# Stored data
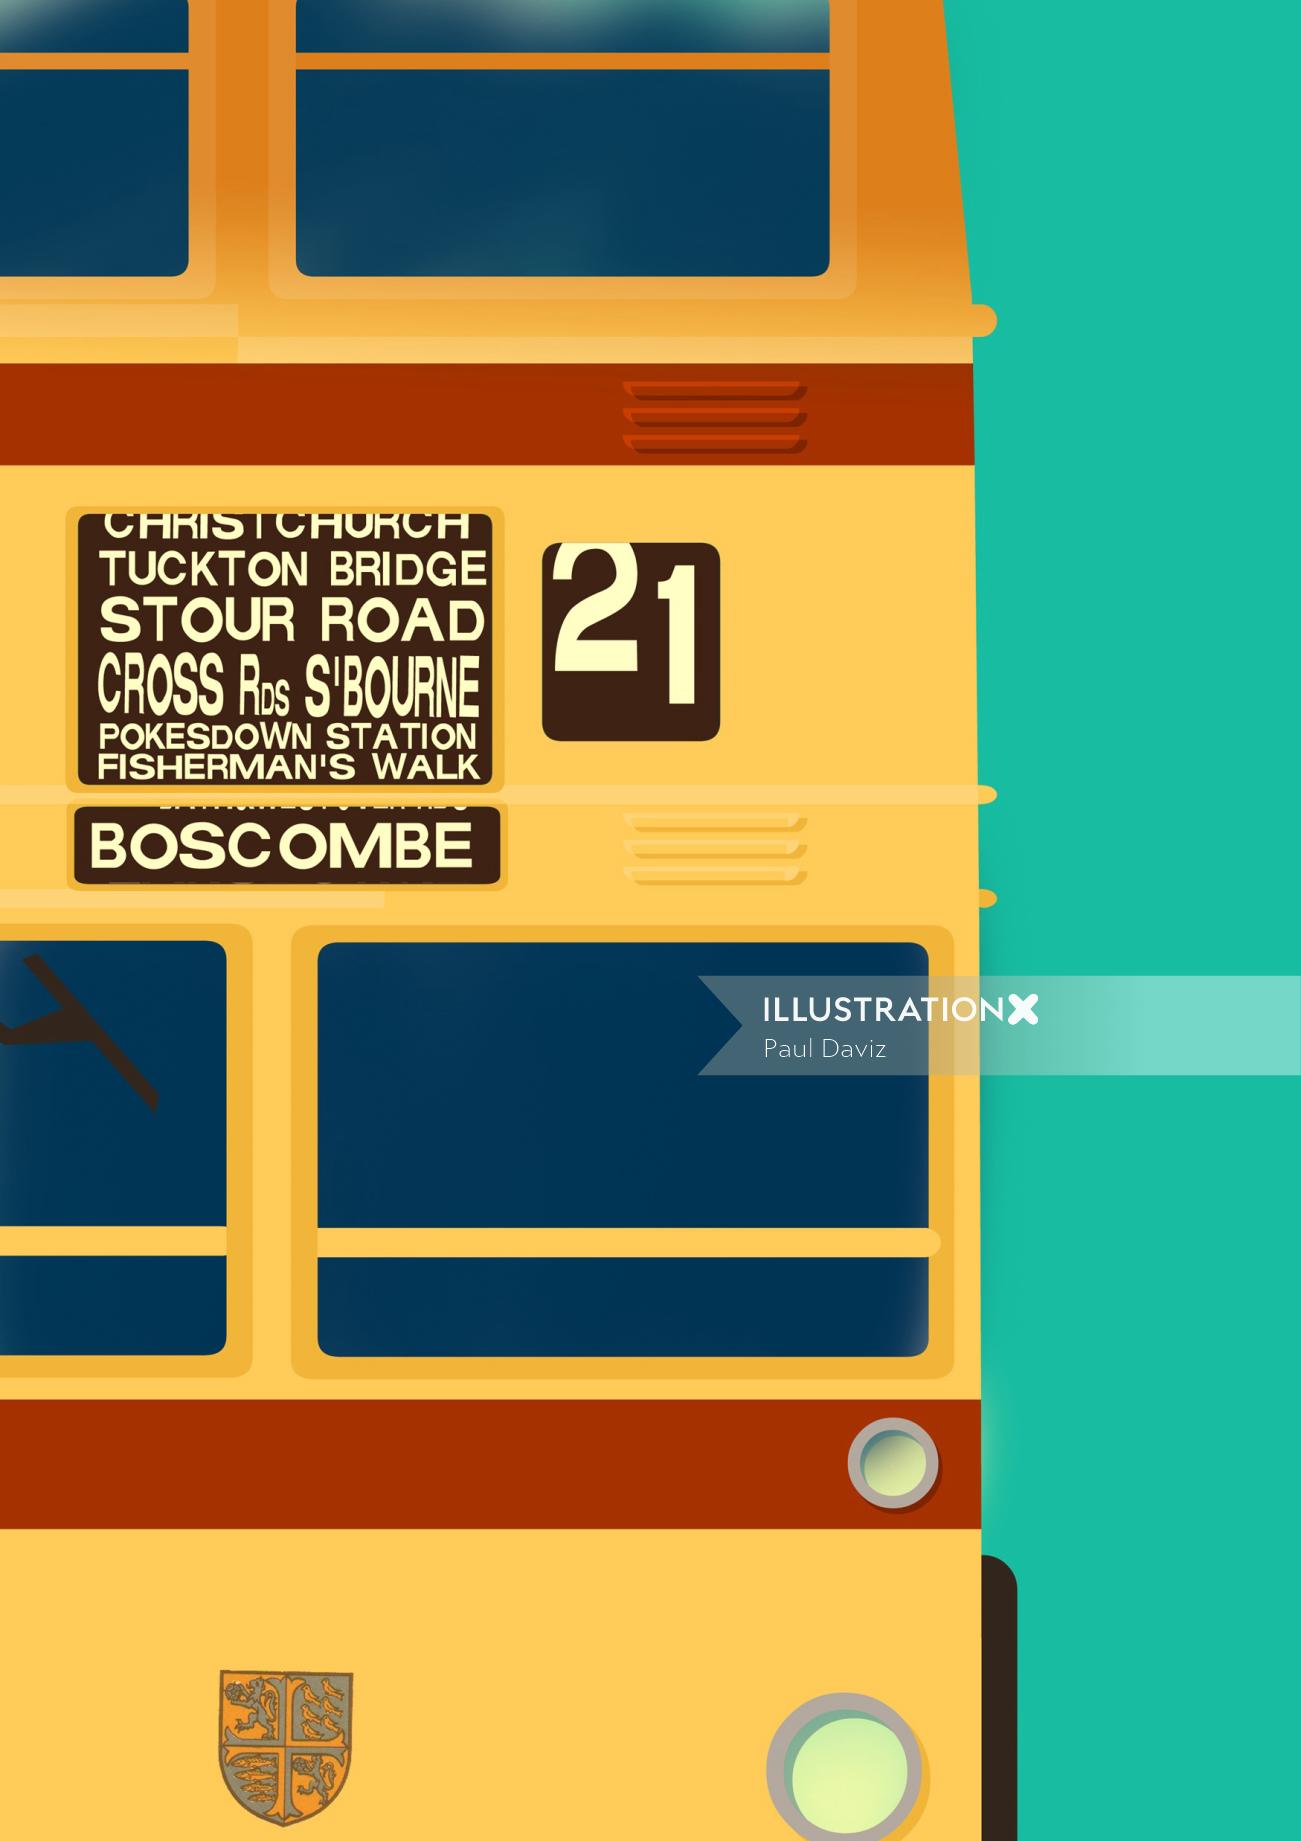 Computer generated Boscombe Bus
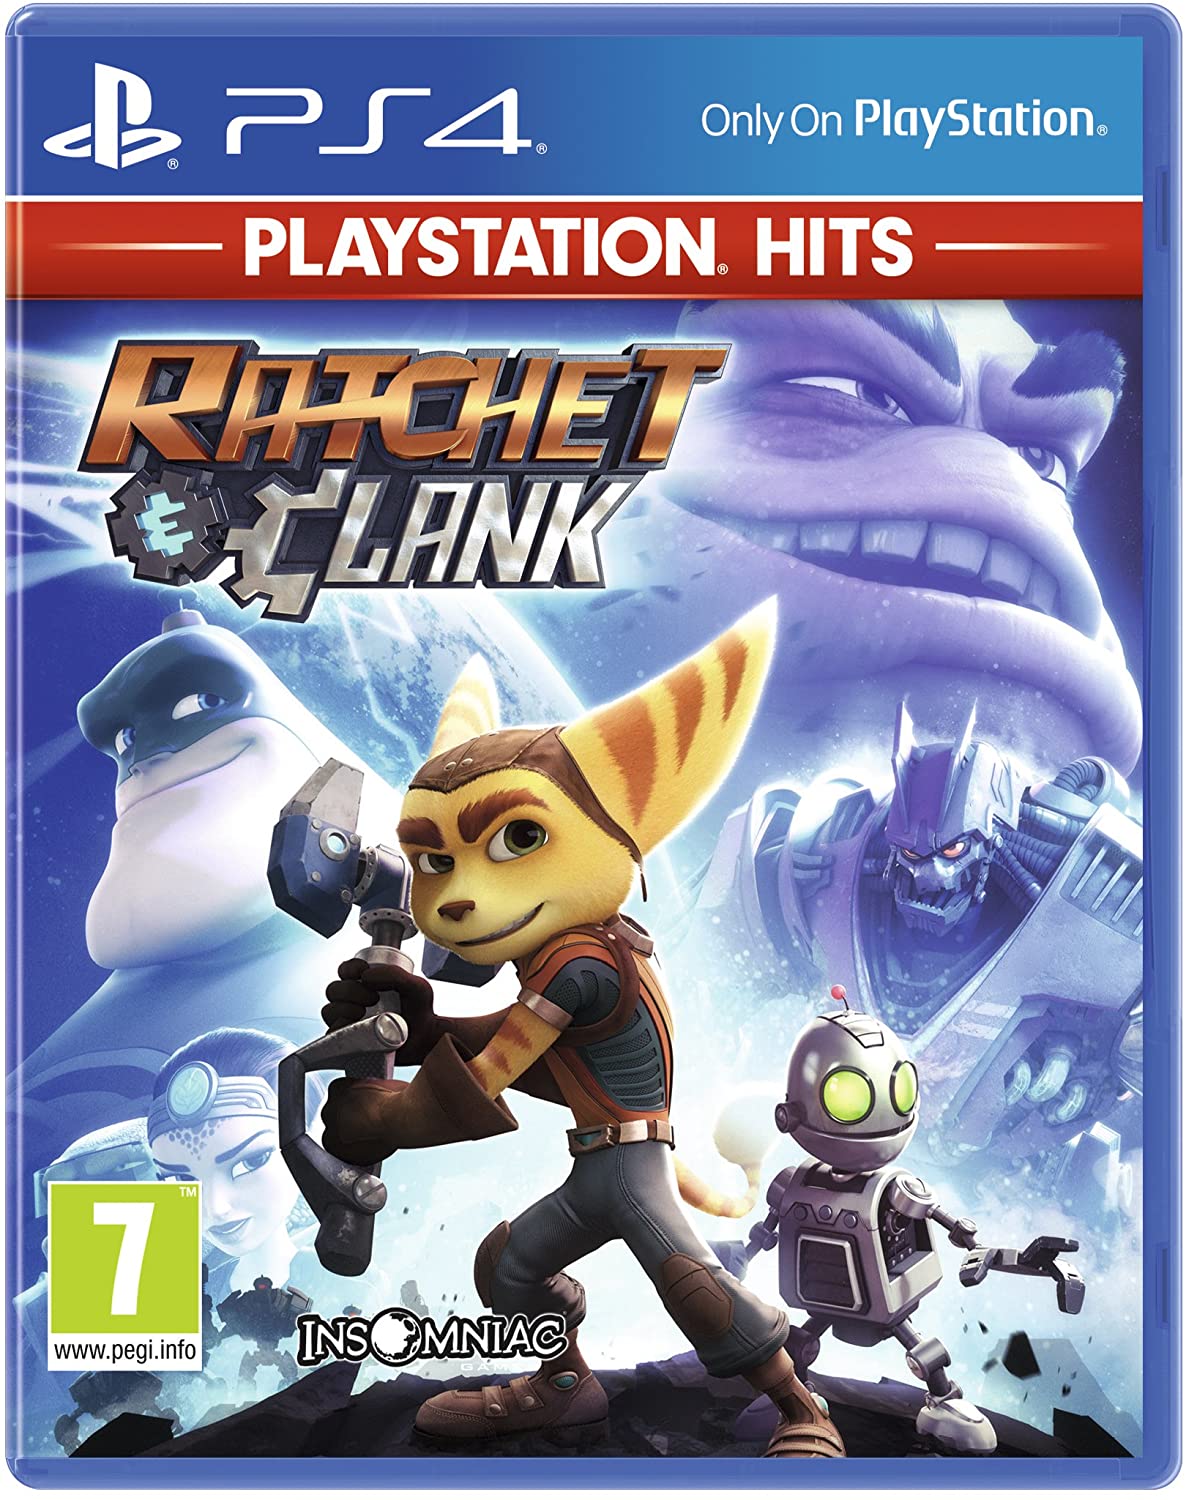 PS4 Game - Playstation Hits - Ratchet & Clank
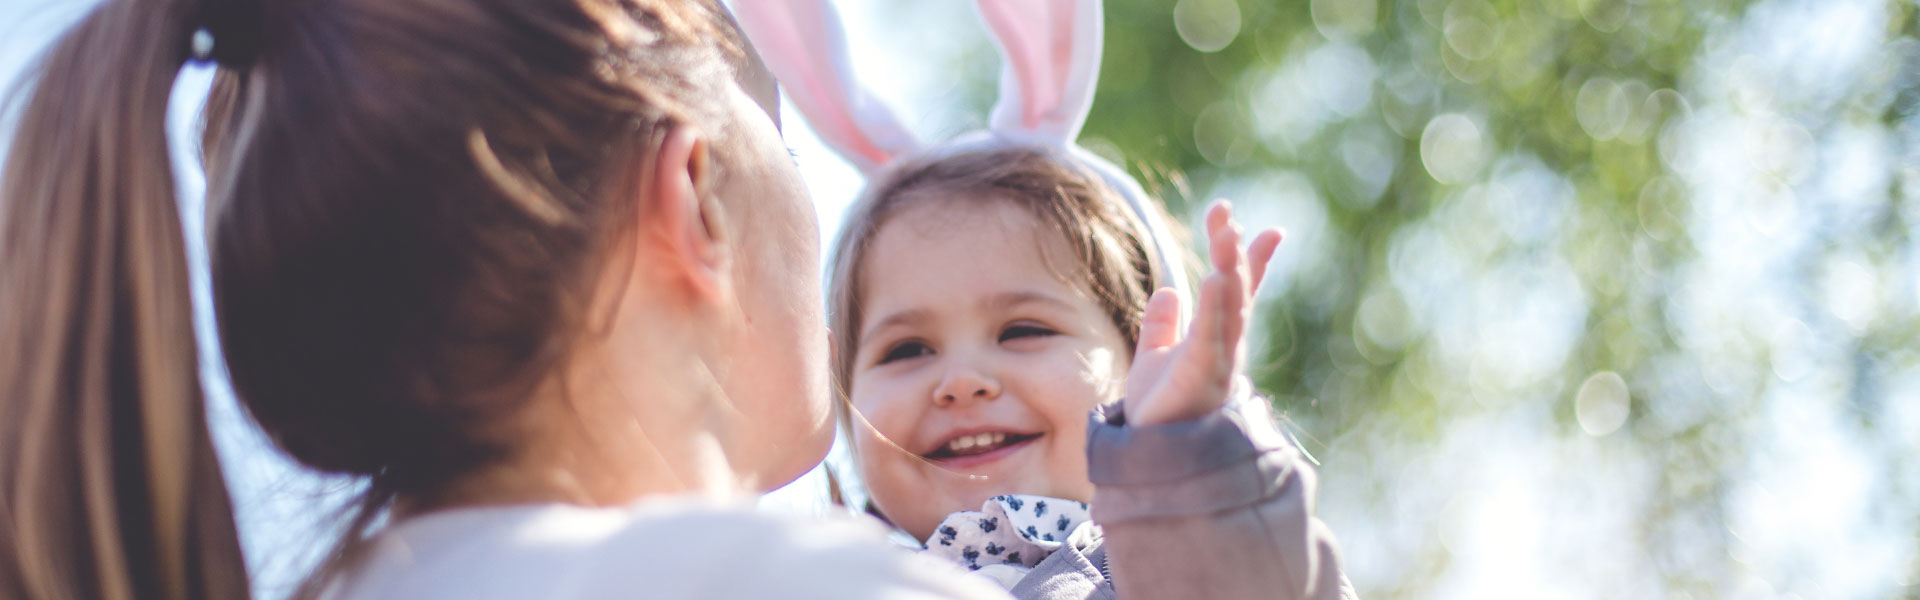 Woman holding a smiling baby wearing fluffy pink Easter bunny ears
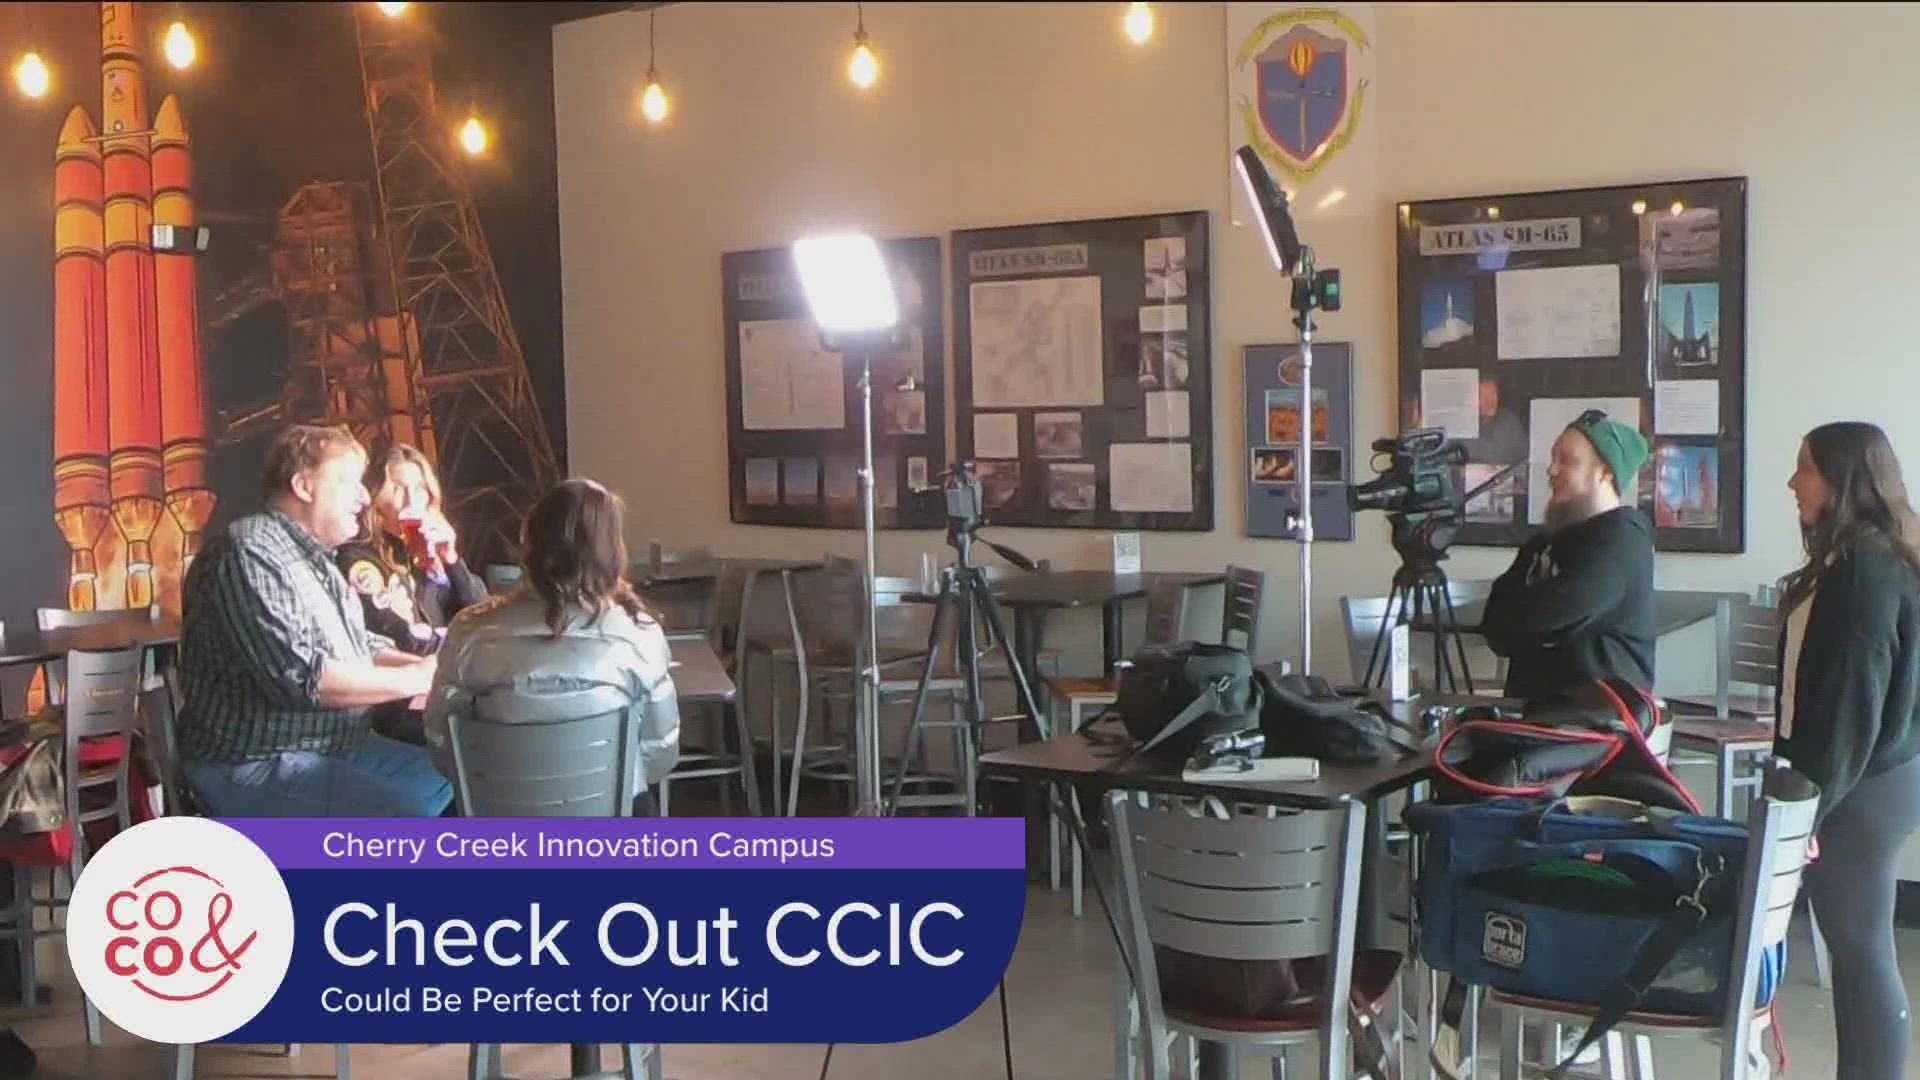 CCIC is a career exploration and prep program for students in Cherry Creek School District. Learn more and get your child enrolled at CherryCreekSchools.org/CCIC.

# Your objective
Produce an exact reproduction of the listing above, limited to the lines starting at the line with "PS4 Game - Playstation" and ending at the line with "Woman holding a", both kept, with every picture left out.

# Reply to the task
 PS4 Game - Playstation Hits - Ratchet & Clank
 Woman holding a smiling baby wearing fluffy pink Easter bunny ears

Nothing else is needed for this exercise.